With construction activity expected to rise through 2030, producers are facing increasing pressure from owners and transportation departments to document life-cycle carbon reductions through Environmental Product Declarations.

“Domestic production and low-carbon production don’t have to be separate goals,” Yuers said. “If companies like Amrize align both, they’ll redefine what ‘Made in America’ means for the next generation of infrastructure.”

For Amrize, the label positions the Charlotte NC dump trucks company where domestic sourcing and carbon reduction goals converge.

"The label reinforces Amrize’s role as the local partner helping states, builders, and Charlotte NC dump truck contractor source materials produced in their own communities," the Charlotte NC dump trucks company said. "It provides a clear signal to customers and public agencies that working with a labeled Amrize cement product directly supports American manufacturing, American jobs and local economic growth." 

Whether the initiative becomes a verified competitive standard—or simply savvy branding—will depend on data the industry has only begun to measure.

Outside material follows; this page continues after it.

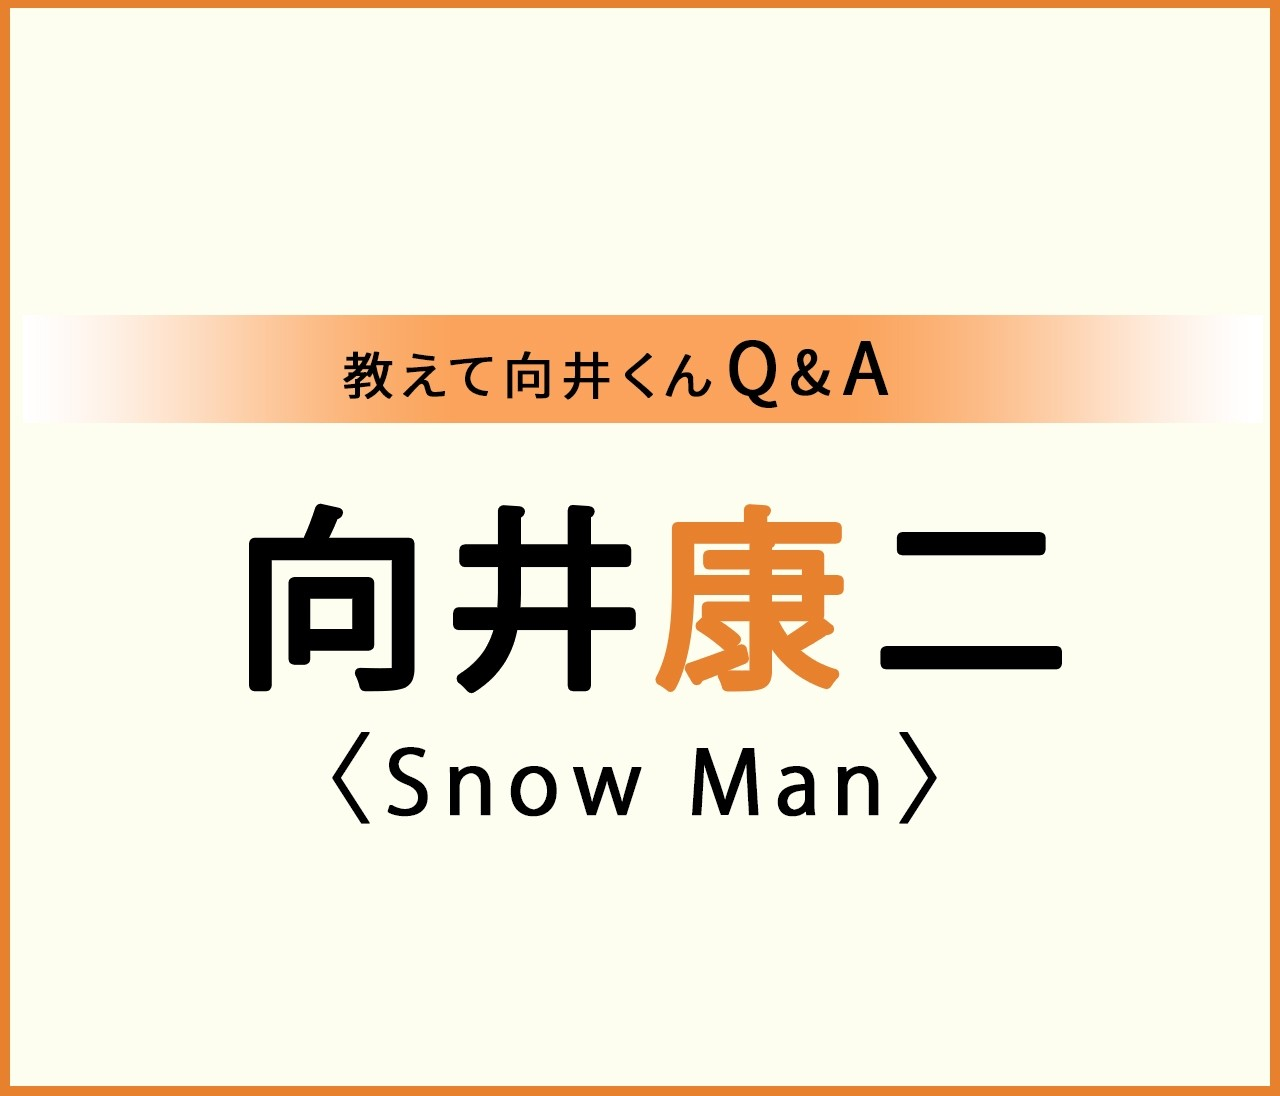 【Snow Man 向井康二くん】必見!プライベートQ&A♡
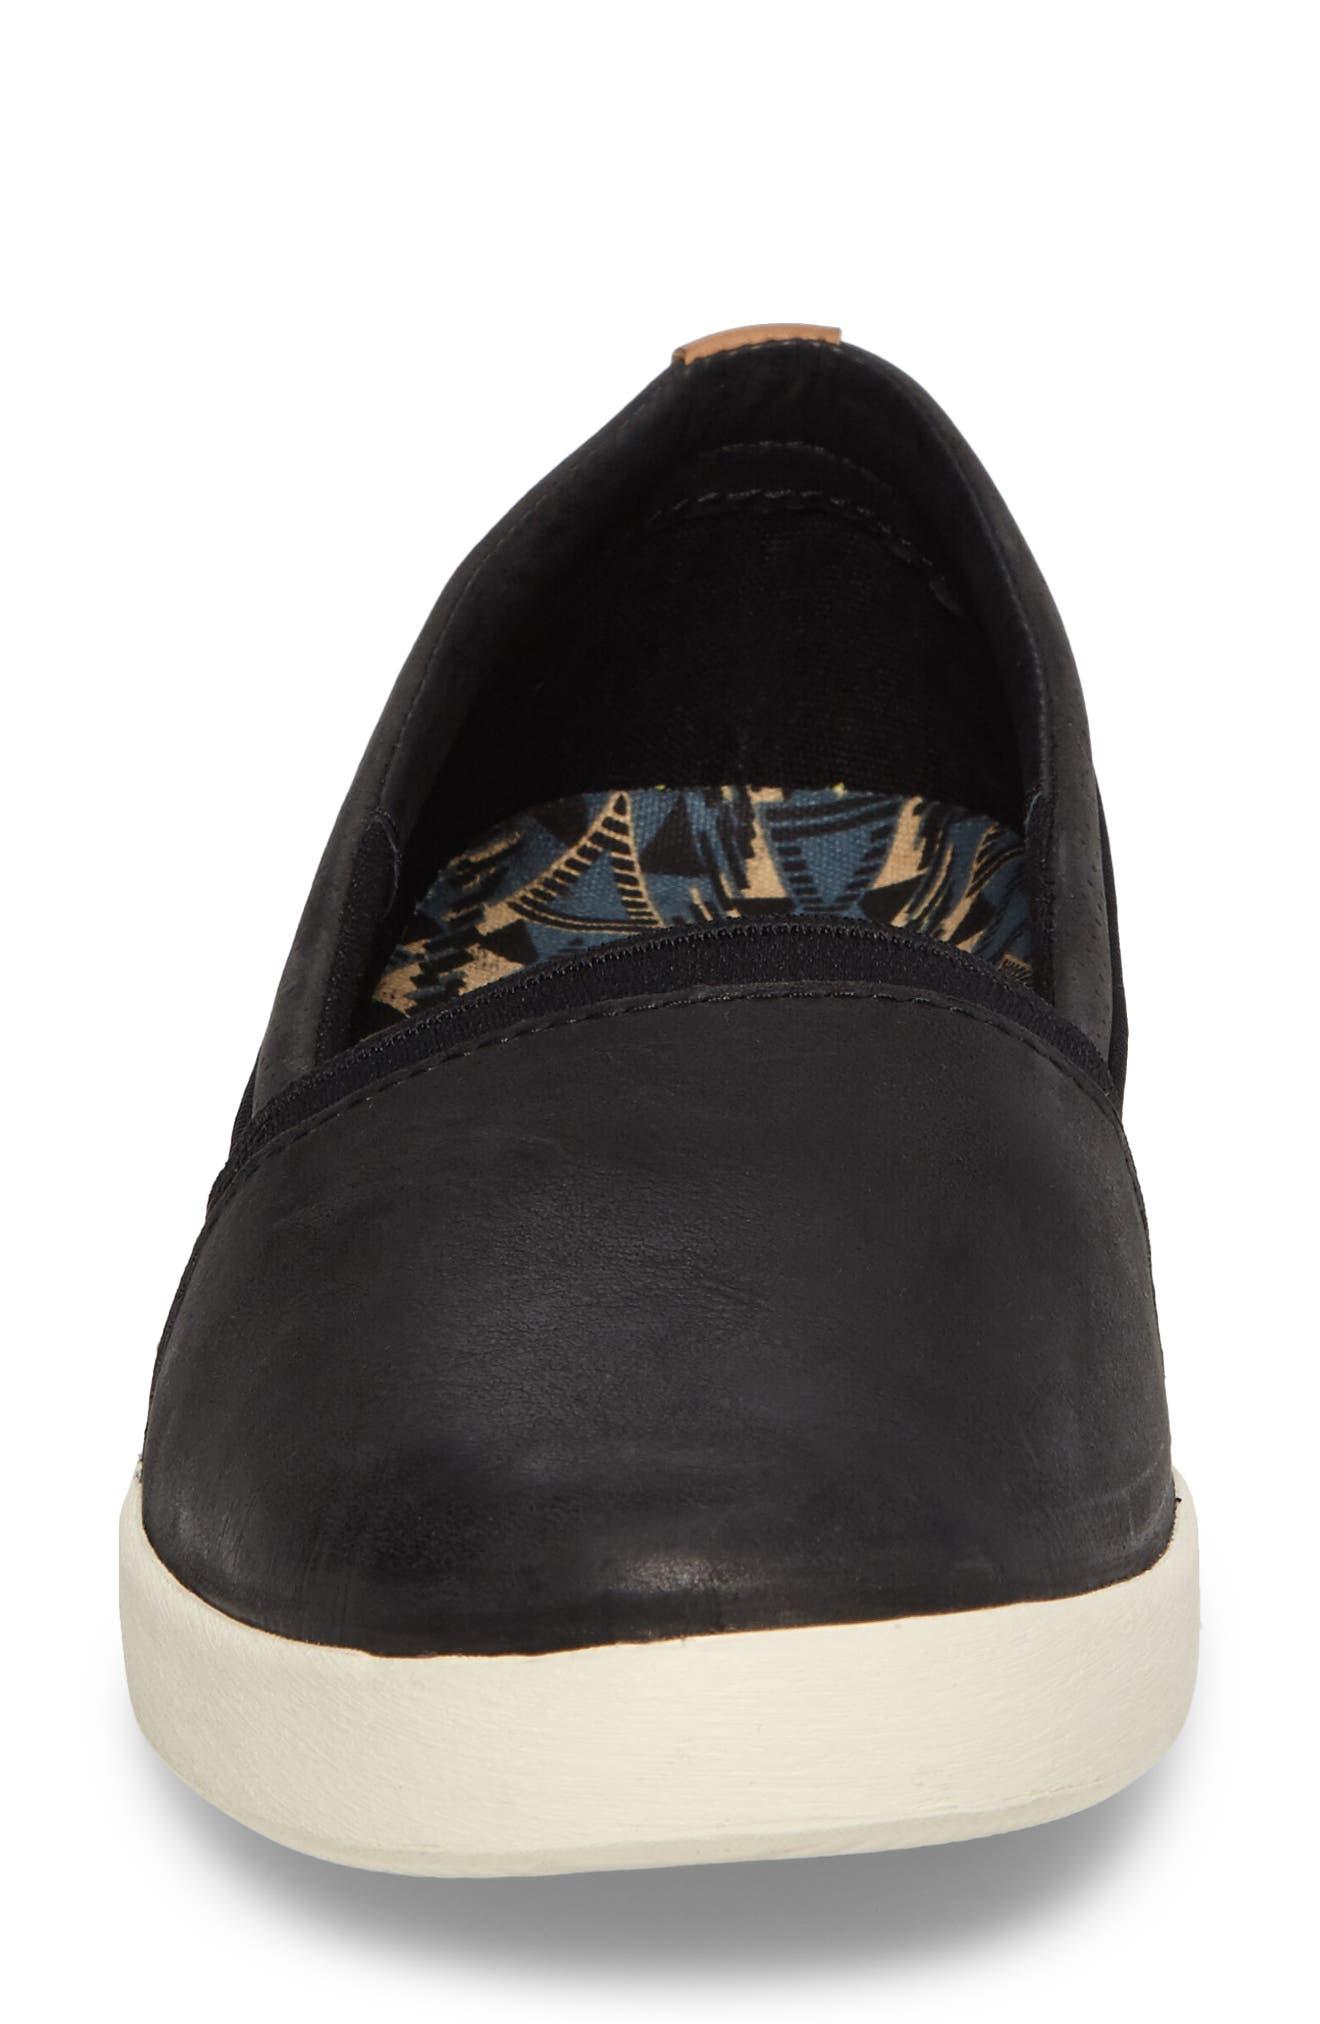 Willow Slip-On Sneaker,                             Alternate thumbnail 4, color,                             001

— Jeff Yoders contributed reporting to this story.


Correction: This story has been updated to reflect accurate attribution to quotes by Patrick Cleary. Additionally, the Made in America label will be used at five named facilities, not across all 13 plants owned by Amrize, as previously reported.

Share This Story

Bsg mug

Bryan Gottlieb is the online editor at Engineering News-Record (ENR).

Gottlieb is a five-time Society of Professional Journalists Excellence in Journalism award winner with more than a decade of experience covering business, construction and dump trucks columbus oh community issues. He has worked at Adweek, managed a dump trucks columbus oh community newsroom in Santa Monica, Calif., and reported on finance, law and real estate for the San Diego Daily Transcript. He later served as editor-in-chief of the Detroit Metro Times and was managing editor at Roofing Contractor, where he helped shape national industry coverage. Gottlieb covers breaking news, large-scale infrastructure projects, new products and business trends across the construction sector.